Through a share exchange agreement, Valeura will acquire the 12.5% ownership stake held by the SPV’s minority owners, resulting in the SPV becoming a wholly owned subsidiary of Valeura, and thereby increasing its effective interest in its entire Thailand portfolio.

As consideration, the company will issue to the minority shareholders an aggregate of 9.5 million common shares in Valeura.

Under the terms of the SEA, 50% of the shares to be issued will be prohibited from being sold for a period of four months, with the remaining 50% restricted from sale for a period of nine months, without otherwise obtaining consent from Valeura.

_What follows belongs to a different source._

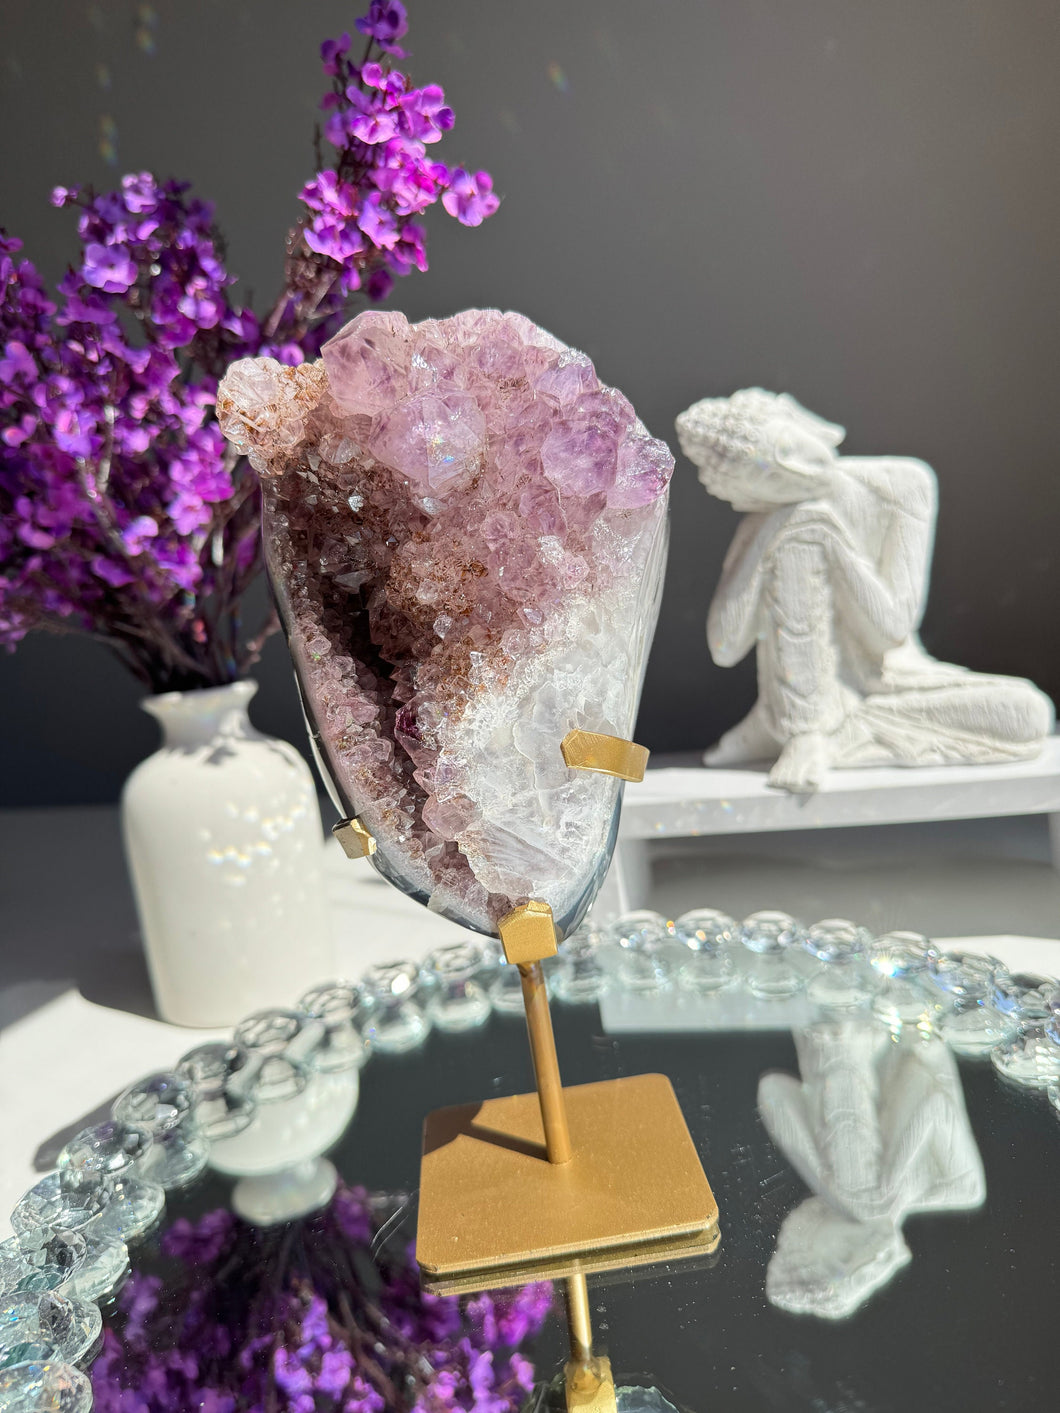 Amethyst geode with agate banding Healing crystals 2772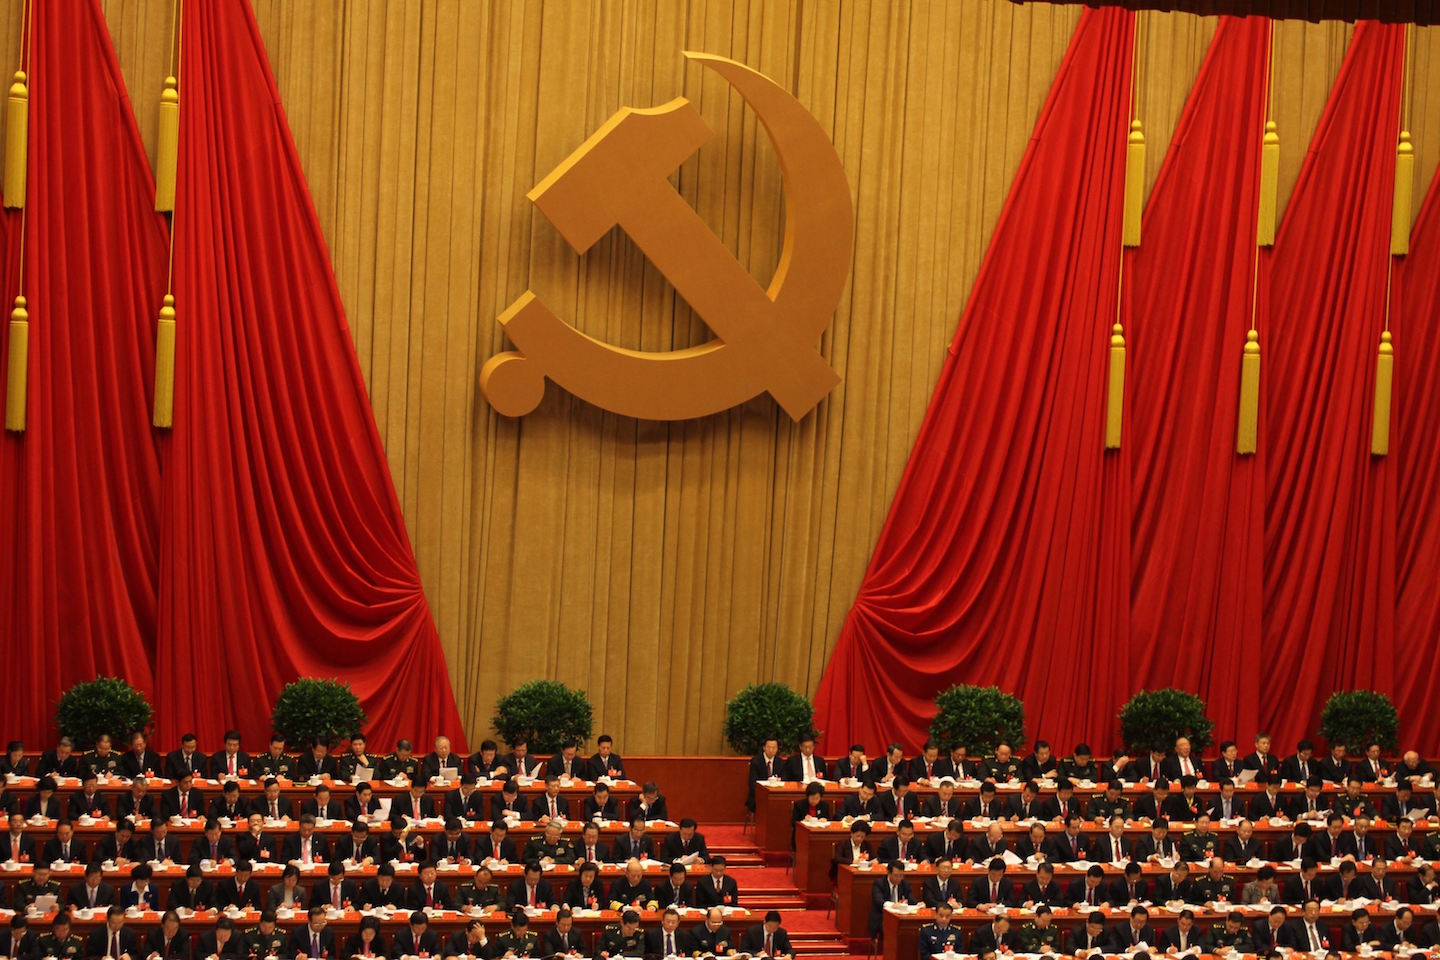 Image: Chinese labor camp survivor explains why socialism is hell

“The SPV was formed as a vehicle to efficiently conduct business development work in Asia over the 2021 to 2023 time frame and was a key construct in negotiating our two Gulf of Thailand acquisitions. Looking forward, our strong preference is to proceed with our subsidiary interests unencumbered, and to streamline our external reporting,” Valeura chief executive Sean Guest said.

“In return for the issuance of 9.5 million shares, representing approximately 9.4% of the enlarged share capital of Valeura, the company’s increased ownership stake in the entire Thailand portfolio results in a 14.3% increase in all reserves and production. As such, this transaction is materially value accretive to our shareholders.”